De Pujerra a Júzcar se baja por una cuesta empinada, muy empinada. Desde la ladera del río
trepa hasta encontrarse con la carretera que viene de Igualeja entre castaños.
El paisaje, bellísimo. En otoño color cobre; en verano, con la fronsosidad
verde del bosque de castaños, algunos centenarios, en ebullición.
Casi siempre,
cuando reeemprendo desde Pujerrea porque hay que volver sobre los passos, el
regreso para tomar la bajada que me lleva al río, me pierdo. Más de una vez y
de dos me he vuelto desde la ermita de san Antonio. Creo que me he equivocado.

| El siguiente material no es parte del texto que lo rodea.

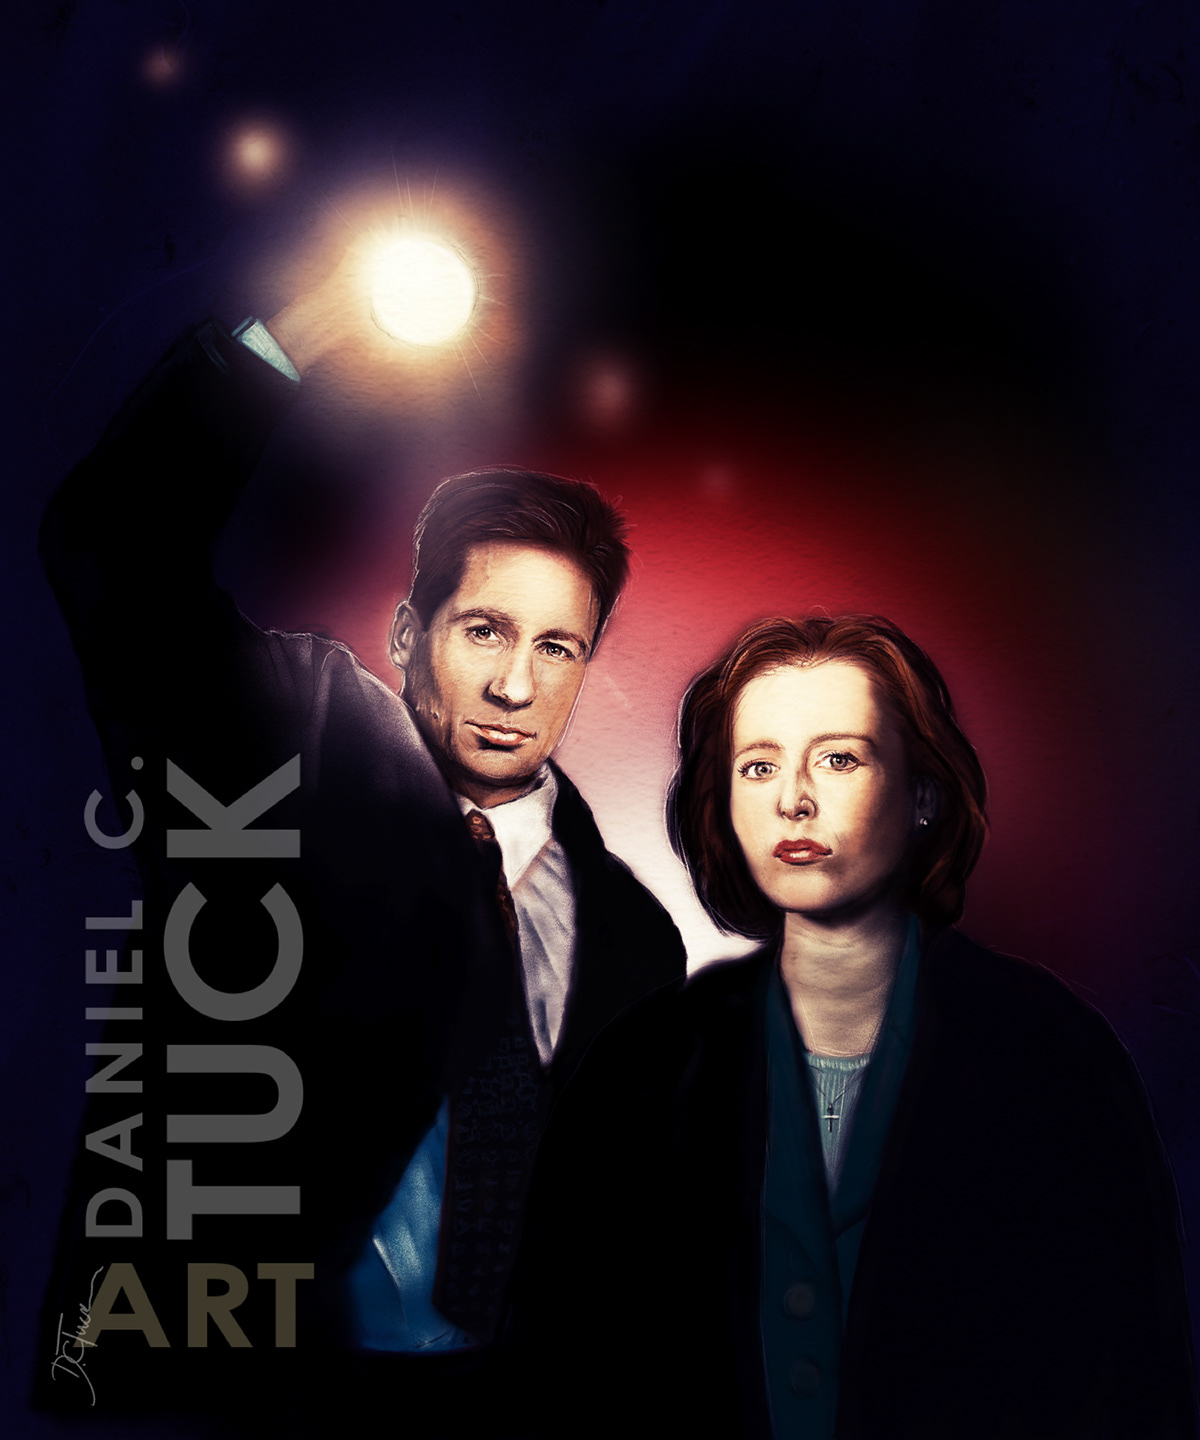 x-files mulder scully david duchovny Gillian anderson chris carter UFO mystery conspiracy tv Fan Art

No, está un poco más allá, solo un poco pero no y hay que retroceder hasta
Pujerra. (Puxerra) que alberga un leyenda bellísíma.
Verán. Por
allí se las andaba, dicen, el visigodo Wamba cuando decidieron que debía ocupar
el trono vacante. Hay dos versiones: una que era un hombre de campo que se iba
y se venía su labor de cada día…
Otra, que era
un monje con mucho de ermitaño y que lo emborracharon y que mientras dormía lo
pelaron y no tuvo más remedio que aceptar lo que se le venía encima. Ya saben,
las leyendas – por eso, entre otras cosas,
lo son – no están escritas y cada cual cuenta lo que conoce, se inventa
o cree oportuno.
Yo me las
anduve por Pujerra. Era mediodía. El cielo limpio de nubes, azul muy azul. Los
castaños que pierden la hoja porque a todo le llega su tiempo y es tiempo de
otoño y es cuando los castaños se despojan de la hoja bellsimos. Se acurrucan
entre ellos para pasar el invierno. Por cierto, en la plaza el hombre, Wamaba
tiene levantado un monumento. Digo yo, que todos los pueblos no tienen la
posibilidad de sacar pecho y decir que en su suelo nació un rey y encima,
visigodo. Con lo lejísimo, en el tiempo, que queda esagente.
Bajé hasta el
río. El agua clara, transparente, impoluta. Viene desde el cercano nacimiento
en las entrañas de la tierra en Igualeja. Encajonado, el río entre montañas
calizas. Un rumor de notas suelas. Salta el agua entre los cantos rodados y los
muñones de un puente de antaño. Enfrente, a media ladera, al pie de la sierra
del Oreganal y antes de llegar a los Riscos, Cartajima. Dicen que es el pueblo
de más altitud de la provincia de Málaga; yo, te digo, que es una pincelada
blanca, una belleza entre el monte y el río a la que hay que ir y pasear por
sus calles…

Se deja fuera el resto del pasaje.